Fiquei com 3 dólares no bolso
Assim como em muitos países da África, no Sudão do Sul não há caixas eletrônicos para saques internacionais. Quando estava trabalhando escrevendo reportagens sobre o país, decidi ficar alguns dias a mais na região para entrevistar mais pessoas e melhorar o material que estava preparando.
O problema é que fiz a viagem contando com dinheiro que receberia periodicamente do Brasil. Mas na hora de fazerem a remessa, adivinhe, não encontraram o Sudão do Sul no sistema bancário. Simplesmente não havia o país no sistema. Nesse momento eu estava ilhada. E com três dólares no bolso.
Perguntei a amigos sírios e libaneses, que conheci em uma espécie de cartório onde os estrangeiros precisam se registrar, sobre como eles recebiam dinheiro do exterior. Pensei que deveriam conhecer alguma maneira engenhosamente estratégica, já que investiam em negócios ali.
A resposta foi desenganadora. “Não há como ter dinheiro neste fim de mundo, a não ser que você mesmo traga”, disse um deles.
Um outro amigo foi claro. “Neste inferno? Impossível. Vá para outro país e pegue o dinheiro lá.”
Esse era o problema, não havia dinheiro sequer para chegar até fronteira do inferno.
Saí em busca de uma solução, lembrando do início da viagem e do que um amigo na Etiópia me dizia:
“Deixe Deus estar com você”. Haveria uma solução. Ele não falava exatamente sobre religião, mas sobre permitir que algumas situações saiam do controle, confiando de que tudo sairá bem por fim.

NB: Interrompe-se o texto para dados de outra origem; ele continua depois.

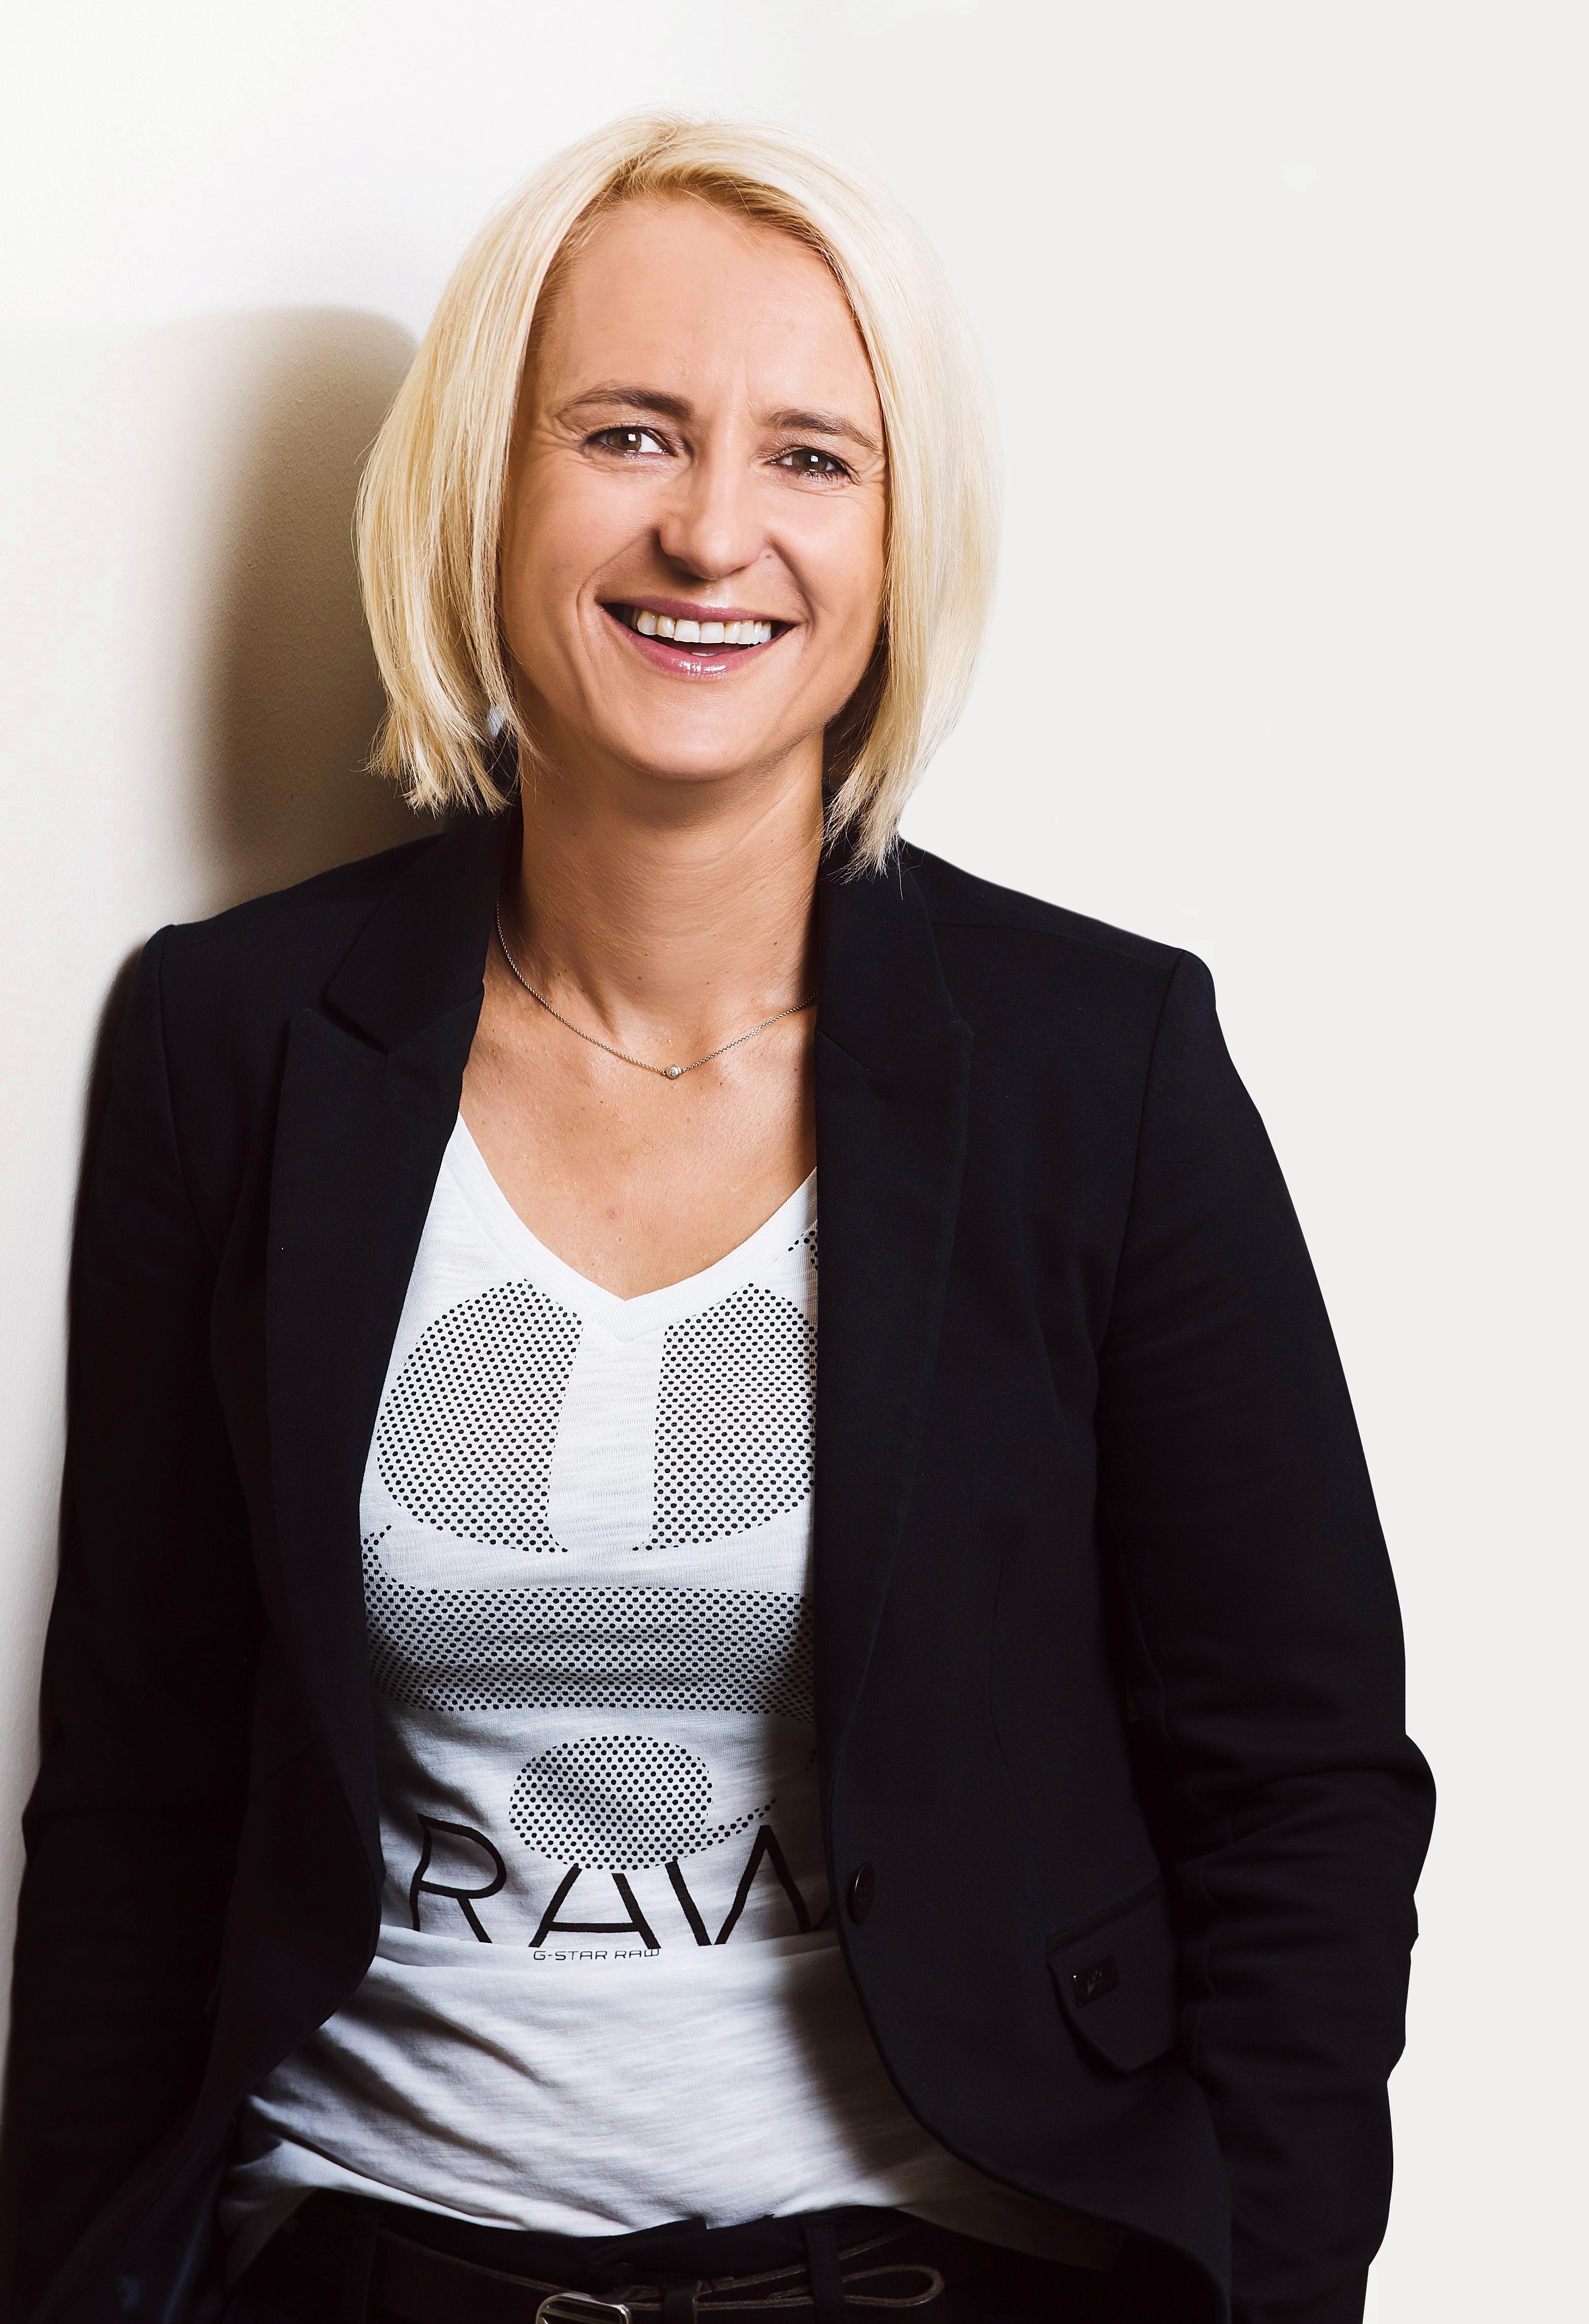 Helga Juffinger Porträt.jpg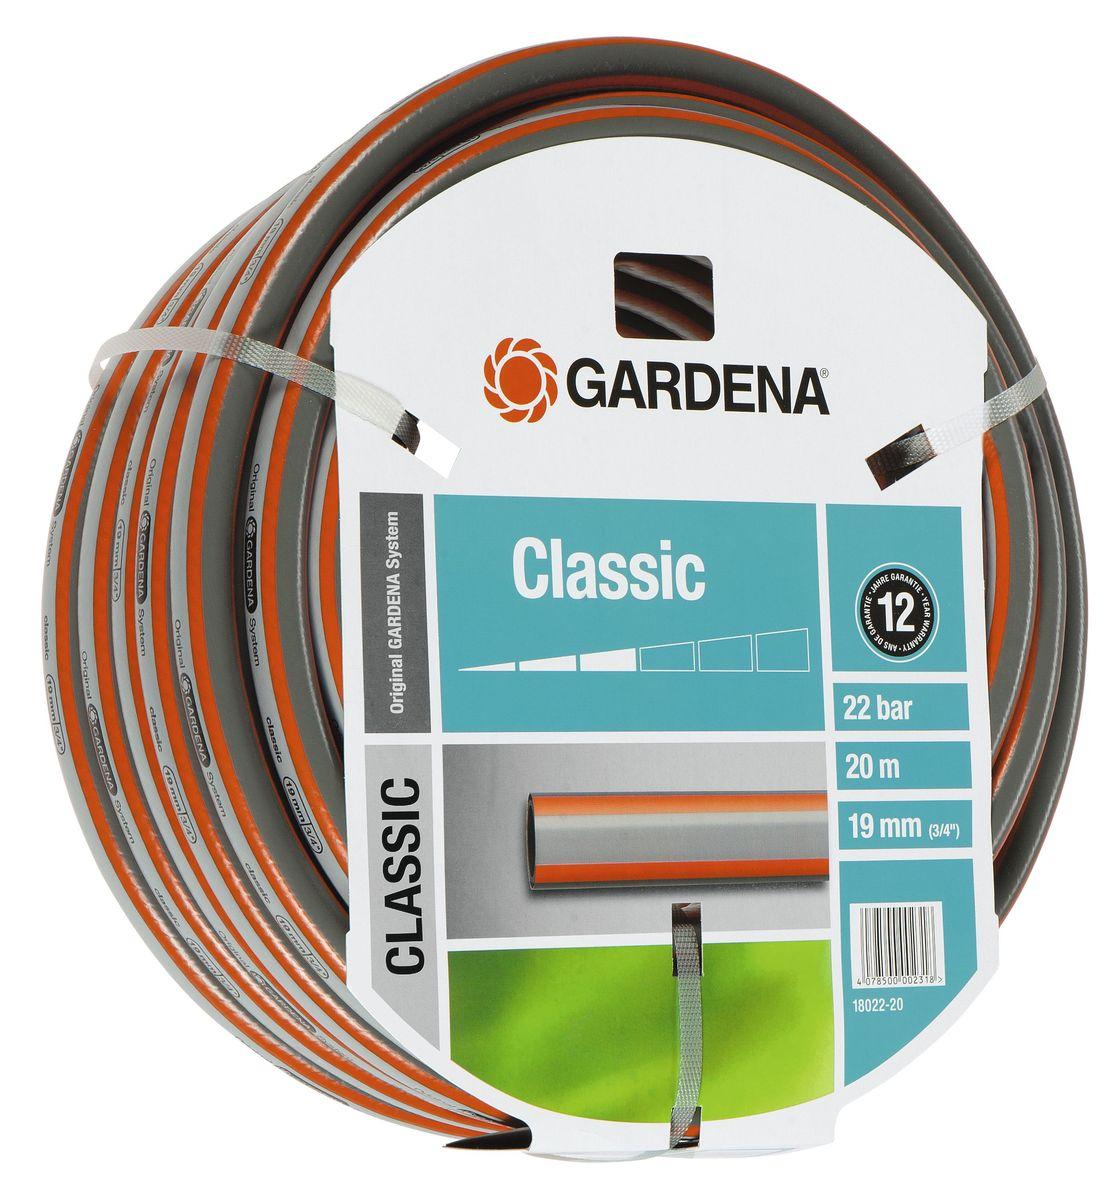 Шланг Gardena Classic, 19 мм (3/4) х 20 м18022-20.000.00Шланг Gardena Classic, прекрасно сохраняет свою форму благодаря высококачественному текстильному армированию, отсутствуют фталаты и тяжелые металлы, невосприимчив к УФ-излучению. Шланг не перегибается, не спутывается, не перекручивается, благодаря спиралевидному текстильному армированию, усиленному углеродными волокнами. Шланг Gardena Classic оптимально сочетается с компонентами базовой системы полива. Идеально подходит для умеренной интенсивности использования. Шланг Gardena Classic выполнен из высококачественного ПВХ и выдерживает давление до 22 бар. Толстые стенки шланга и высококачественные материалы обеспечивают длительный срок службы.

Ao final desse mesmo dia, encontrei os rapazes novamente. Comiam, fumavam, conversavam, xingavam o Sudão do Sul. Dois deles me chamaram em um canto. “Isso aqui é para você. Sentiremos sua falta.” E me entregaram duas notas de 50 dólares. A conta exata para atingir o outro lado da fronteira, chegar em Uganda e finalmente sacar dinheiro. Sem comida, sem nada.
Pela noite, nos despedimos com sobrepeso no peito. Partiria na manhã seguinte. Mais amigos para trás. Fomos para o carro. Na saída, um outro amigo me cumprimentou. “Sentiremos saudades”, disse, e deixou escorregar para minha mão um papel enrolado. Sem luz em toda a cidade, não consegui ver o que era. Ao entrar no carro, acendi a lanterna que trazia na mochila. Era uma nota de 100 dólares.
Já na porta da casa onde me hospedei no Sudão do Sul, outro amigo do mesmo grupo me levou até lá e levantou-se do carro assim que chegamos. Presenteou-me com um último abraço, nos cumprimentamos com a mão e ele disse: “Acho que eles só te deram dólares, você vai precisar disso”, e passou alguns papeizinhos enrolados. Era papéis de dinheiro na moeda local.
Certamente eram anjos. E Deus estava comigo.